Then, when we go to look up the record, we won’t find it in the original cell, but again, we can 
try the “alternative” cells one by one until we do find our value. 

This process, which is what allows closing hashing to work, is known as probing, and the list 
of alternative cell indices is known as a probing sequence. It might seem like creating a probing 
sequence is a lot of work, but actually there are mathematical patterns that allow us to express 
a probing sequence quickly and easily. We can have a function that takes as a parameter the 
number of probes we have made so far (with our initial attempt, to access the original cell, being 
the “zero-th” probe, not the first probe).

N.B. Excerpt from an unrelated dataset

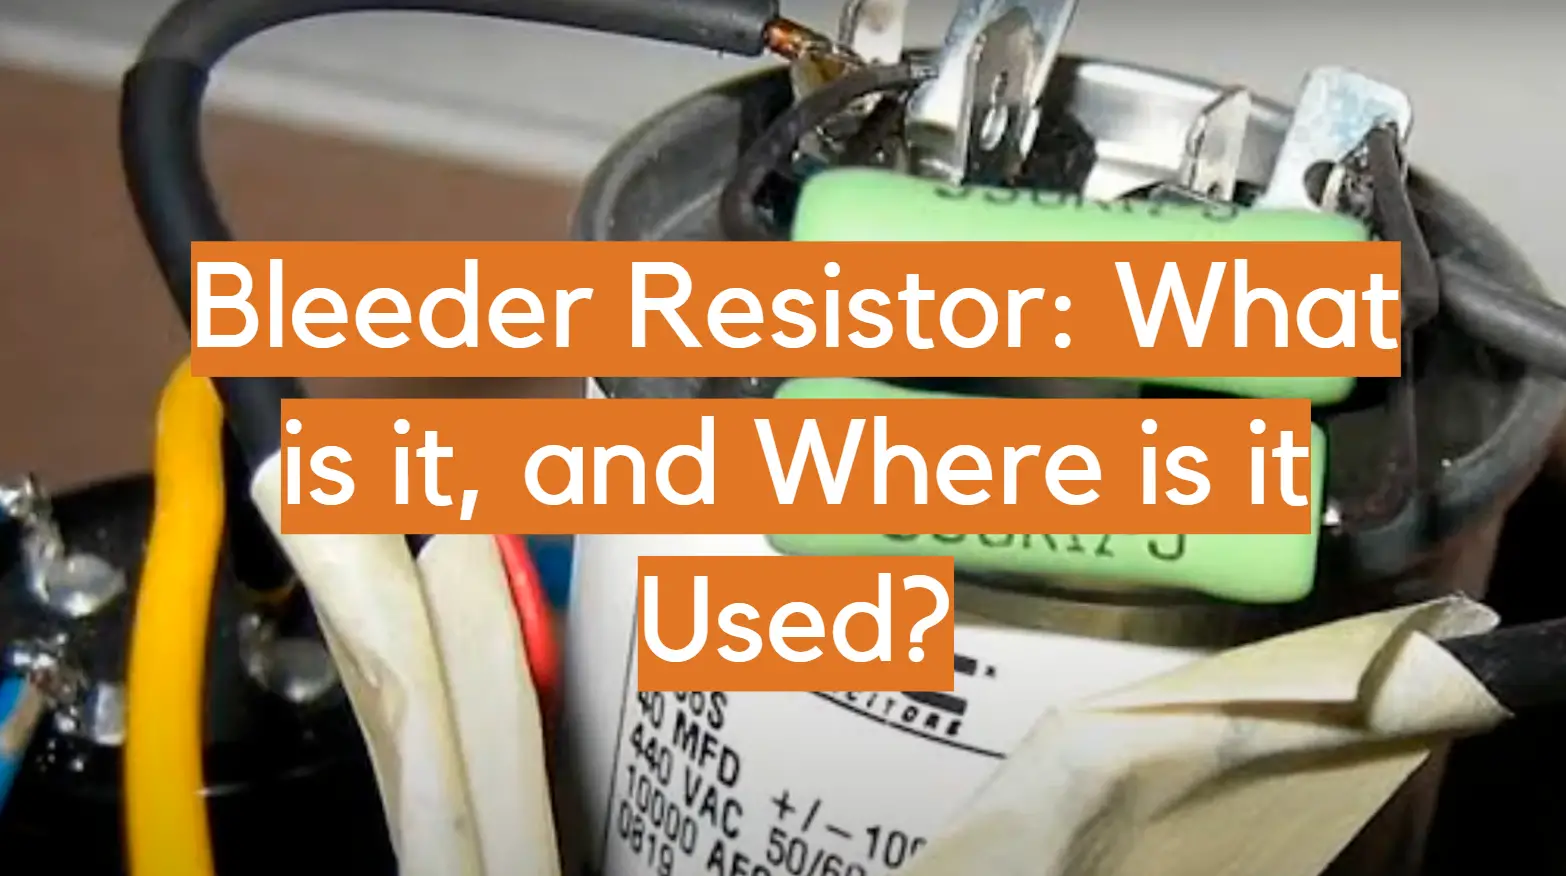 Bleeder Resistor: What is it, and Where is it Used?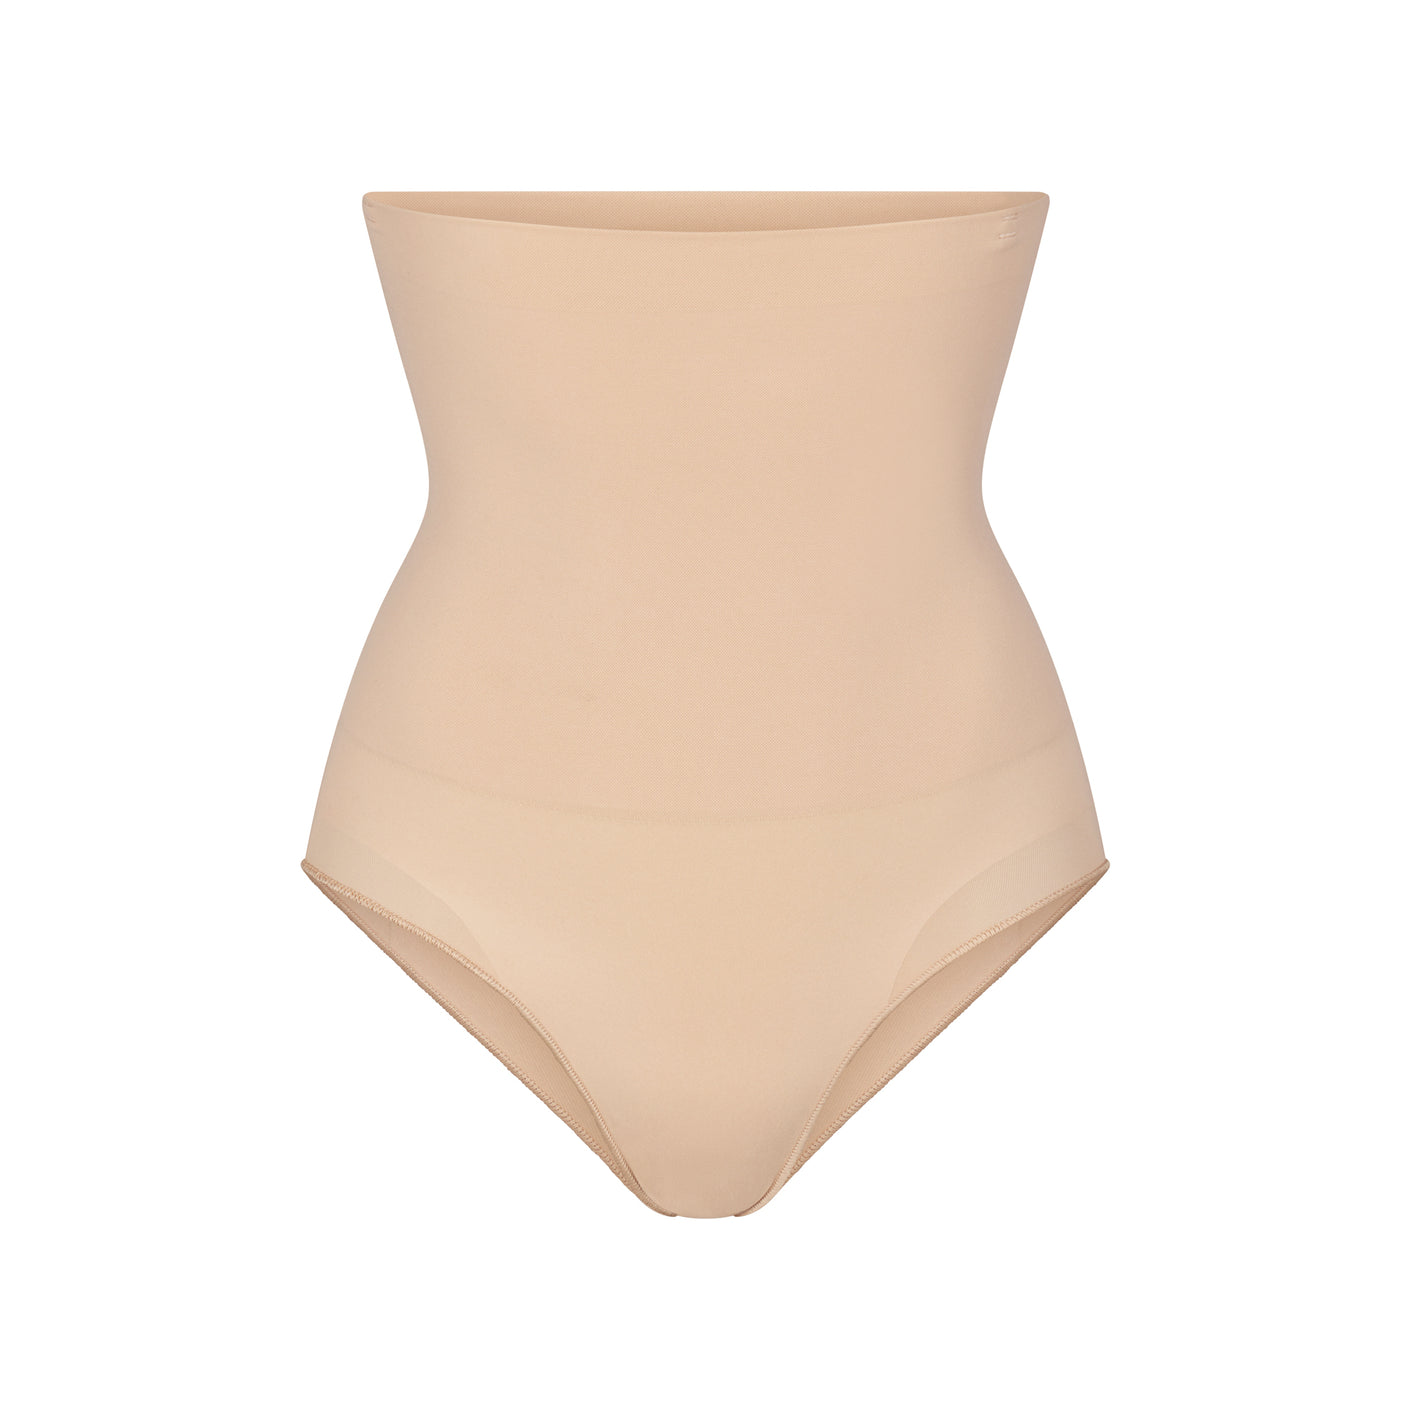 CORE CONTROL HIGH-WAISTED BRIEF

Each time a cell is full, our probe number increases 
by 1, and a new value is passed into the function. The numbers returned by this function, then, 
represent offsets from the original cell. So, in this manner, we don’t even need a separate list 
of alternative cells for each spot in the table — if our original cell is different, even if the list of 
offsets is the same we will still get different alternative cells. 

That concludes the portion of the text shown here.